As we sat on a teal bench in Shutlz Garten, I took a look at this thing that I had created. It was veggie dog with 3 squirts of sauce: Stubb’s BBQ sauce, mustard, and ketchup. I was insanely hungry and had 40 minutes to kill. For some reason unknown to anyone in my immediate area, the Veggie Dog Eating Contest didn’t start on time. So I ate. It wasn’t too bad. It didn’t really taste like anything except saucy bread.
Two Guys wearing Karate Kid head scarves posed for the cameras. The guy under the green pennant in the picture, whom I recognize from somewhere,stood to their left stretching his arms. Friendly locals gave each contestant 10 plain hot dogs. “You don’t have room for condiments!” a mildly intoxicated man yelled. The Score from the Rocky Balboa movies pumped up the crowd.
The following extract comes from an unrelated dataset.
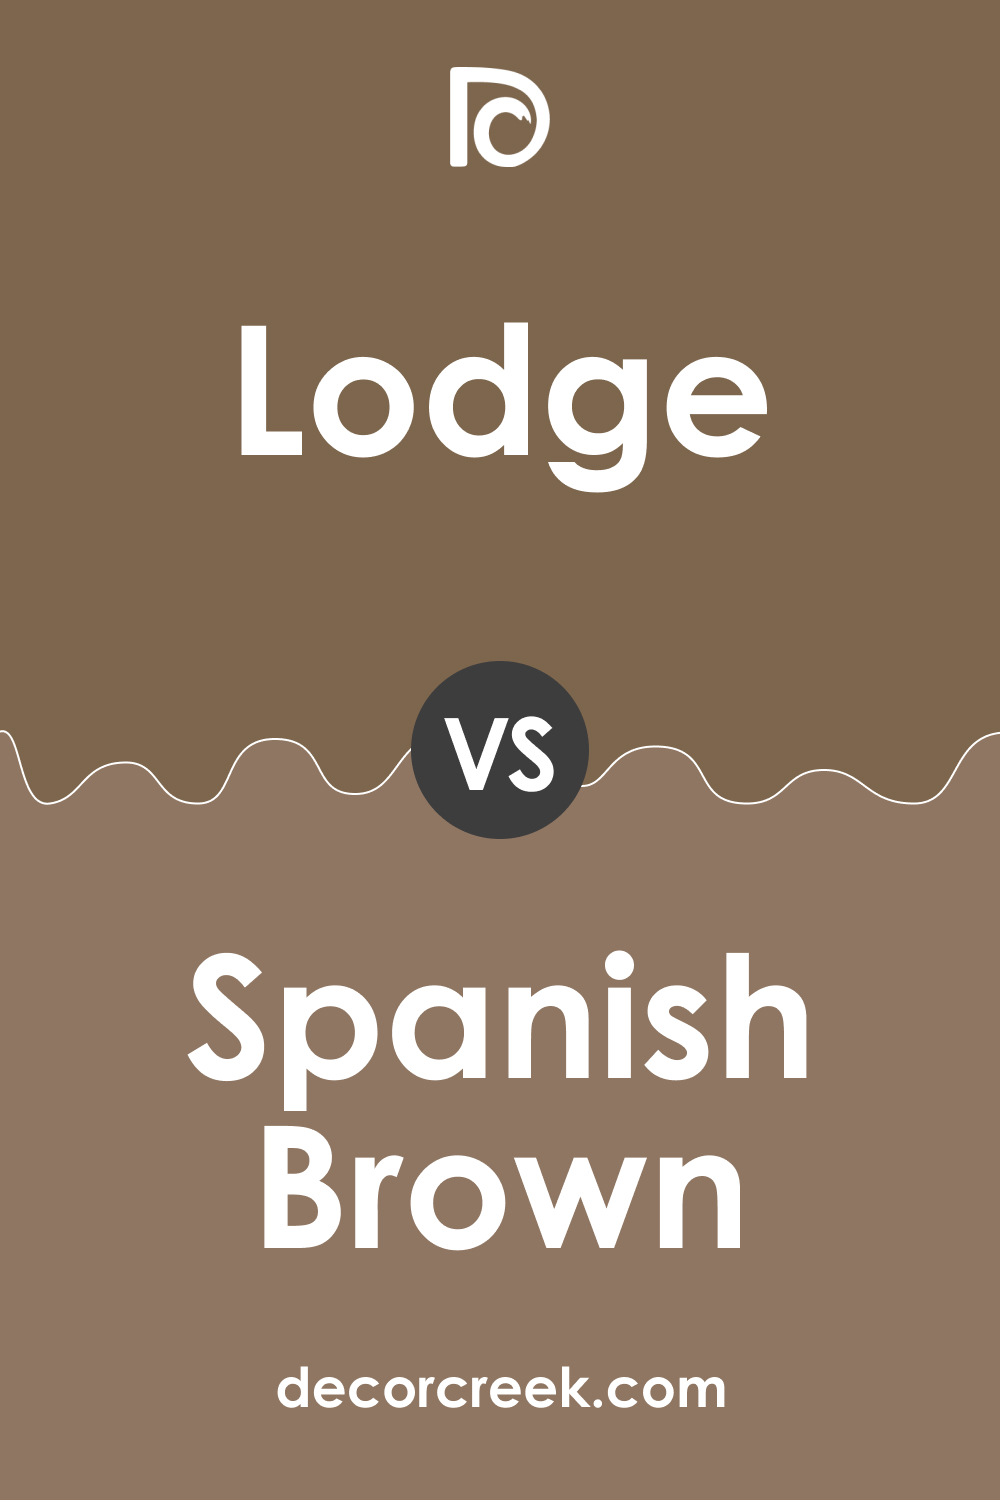 Lodge AF-115 vs. BM 1028 Spanish Brown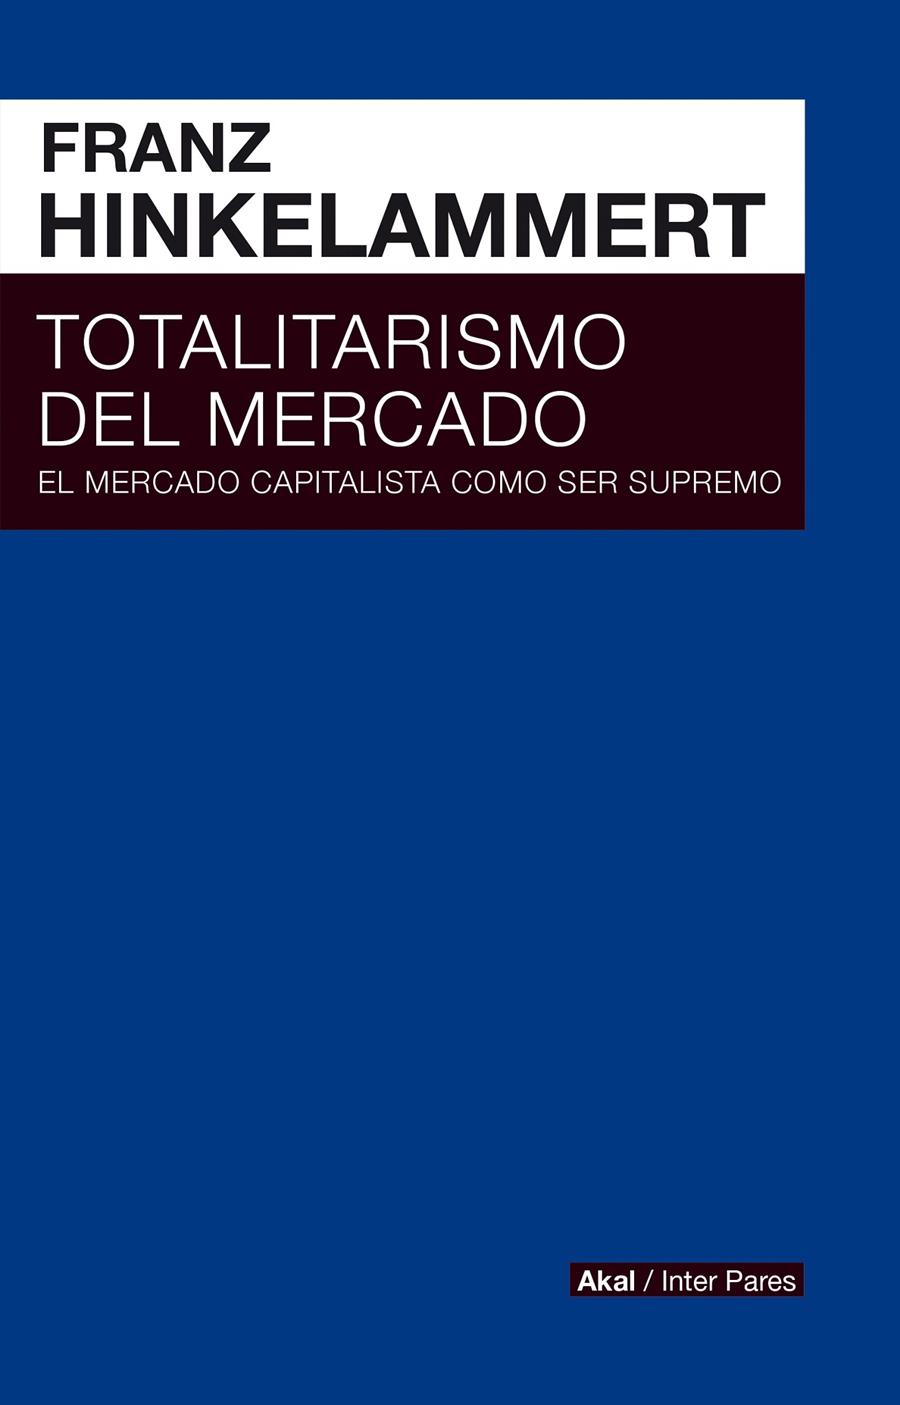 Totalitarismo del mercado | Franz Hinkelammert | Cooperativa autogestionària

Last year’s second-place winner Sean carried his trophy with him for good luck. It was a little hot dog with arms holding its full belly, face contorted in painful joy. He was really excited to be interviewed. He had a whole cheering squad with him. They wore papers with hot dogs drawn on them that said “Sean” on the wiener. We didn’t stay long enough to see how he did. It started raining and the beast demanded another story.
Going out with photogs is all right when it’s not so hot outside.